No line of the records may be dropped; print them all again exactly.

EXERCISE DATA section start

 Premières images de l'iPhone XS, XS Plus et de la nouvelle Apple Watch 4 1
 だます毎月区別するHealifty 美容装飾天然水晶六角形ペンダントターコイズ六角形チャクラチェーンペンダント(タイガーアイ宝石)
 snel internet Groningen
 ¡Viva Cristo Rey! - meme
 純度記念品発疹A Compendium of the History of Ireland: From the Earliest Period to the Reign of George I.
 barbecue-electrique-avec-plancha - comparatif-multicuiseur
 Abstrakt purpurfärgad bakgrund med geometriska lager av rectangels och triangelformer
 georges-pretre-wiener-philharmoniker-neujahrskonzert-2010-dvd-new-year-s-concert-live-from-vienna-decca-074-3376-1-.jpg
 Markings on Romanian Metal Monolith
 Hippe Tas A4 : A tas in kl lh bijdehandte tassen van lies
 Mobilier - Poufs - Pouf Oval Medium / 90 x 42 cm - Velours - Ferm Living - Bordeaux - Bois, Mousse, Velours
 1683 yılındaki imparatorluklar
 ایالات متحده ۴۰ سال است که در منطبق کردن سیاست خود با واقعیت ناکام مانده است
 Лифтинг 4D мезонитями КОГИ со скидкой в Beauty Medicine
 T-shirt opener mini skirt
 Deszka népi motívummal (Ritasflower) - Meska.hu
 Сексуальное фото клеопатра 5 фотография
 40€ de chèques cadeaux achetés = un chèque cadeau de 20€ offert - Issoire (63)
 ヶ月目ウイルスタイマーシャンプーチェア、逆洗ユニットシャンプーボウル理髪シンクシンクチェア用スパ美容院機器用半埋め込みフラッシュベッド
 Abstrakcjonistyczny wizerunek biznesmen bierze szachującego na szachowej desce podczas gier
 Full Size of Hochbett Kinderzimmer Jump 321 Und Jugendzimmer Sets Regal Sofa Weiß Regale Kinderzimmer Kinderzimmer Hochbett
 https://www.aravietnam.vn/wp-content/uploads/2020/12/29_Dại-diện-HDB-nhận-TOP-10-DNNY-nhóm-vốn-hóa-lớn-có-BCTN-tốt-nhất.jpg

EXERCISE DATA section end

- **EXERCISE OUTPUT**
 Premières images de l'iPhone XS, XS Plus et de la nouvelle Apple Watch 4 1
 だます毎月区別するHealifty 美容装飾天然水晶六角形ペンダントターコイズ六角形チャクラチェーンペンダント(タイガーアイ宝石)
 snel internet Groningen
 ¡Viva Cristo Rey! - meme
 純度記念品発疹A Compendium of the History of Ireland: From the Earliest Period to the Reign of George I.
 barbecue-electrique-avec-plancha - comparatif-multicuiseur
 Abstrakt purpurfärgad bakgrund med geometriska lager av rectangels och triangelformer
 georges-pretre-wiener-philharmoniker-neujahrskonzert-2010-dvd-new-year-s-concert-live-from-vienna-decca-074-3376-1-.jpg
 Markings on Romanian Metal Monolith
 Hippe Tas A4 : A tas in kl lh bijdehandte tassen van lies
 Mobilier - Poufs - Pouf Oval Medium / 90 x 42 cm - Velours - Ferm Living - Bordeaux - Bois, Mousse, Velours
 1683 yılındaki imparatorluklar
 ایالات متحده ۴۰ سال است که در منطبق کردن سیاست خود با واقعیت ناکام مانده است
 Лифтинг 4D мезонитями КОГИ со скидкой в Beauty Medicine
 T-shirt opener mini skirt
 Deszka népi motívummal (Ritasflower) - Meska.hu
 Сексуальное фото клеопатра 5 фотография
 40€ de chèques cadeaux achetés = un chèque cadeau de 20€ offert - Issoire (63)
 ヶ月目ウイルスタイマーシャンプーチェア、逆洗ユニットシャンプーボウル理髪シンクシンクチェア用スパ美容院機器用半埋め込みフラッシュベッド
 Abstrakcjonistyczny wizerunek biznesmen bierze szachującego na szachowej desce podczas gier
 Full Size of Hochbett Kinderzimmer Jump 321 Und Jugendzimmer Sets Regal Sofa Weiß Regale Kinderzimmer Kinderzimmer Hochbett
 https://www.aravietnam.vn/wp-content/uploads/2020/12/29_Dại-diện-HDB-nhận-TOP-10-DNNY-nhóm-vốn-hóa-lớn-có-BCTN-tốt-nhất.jpg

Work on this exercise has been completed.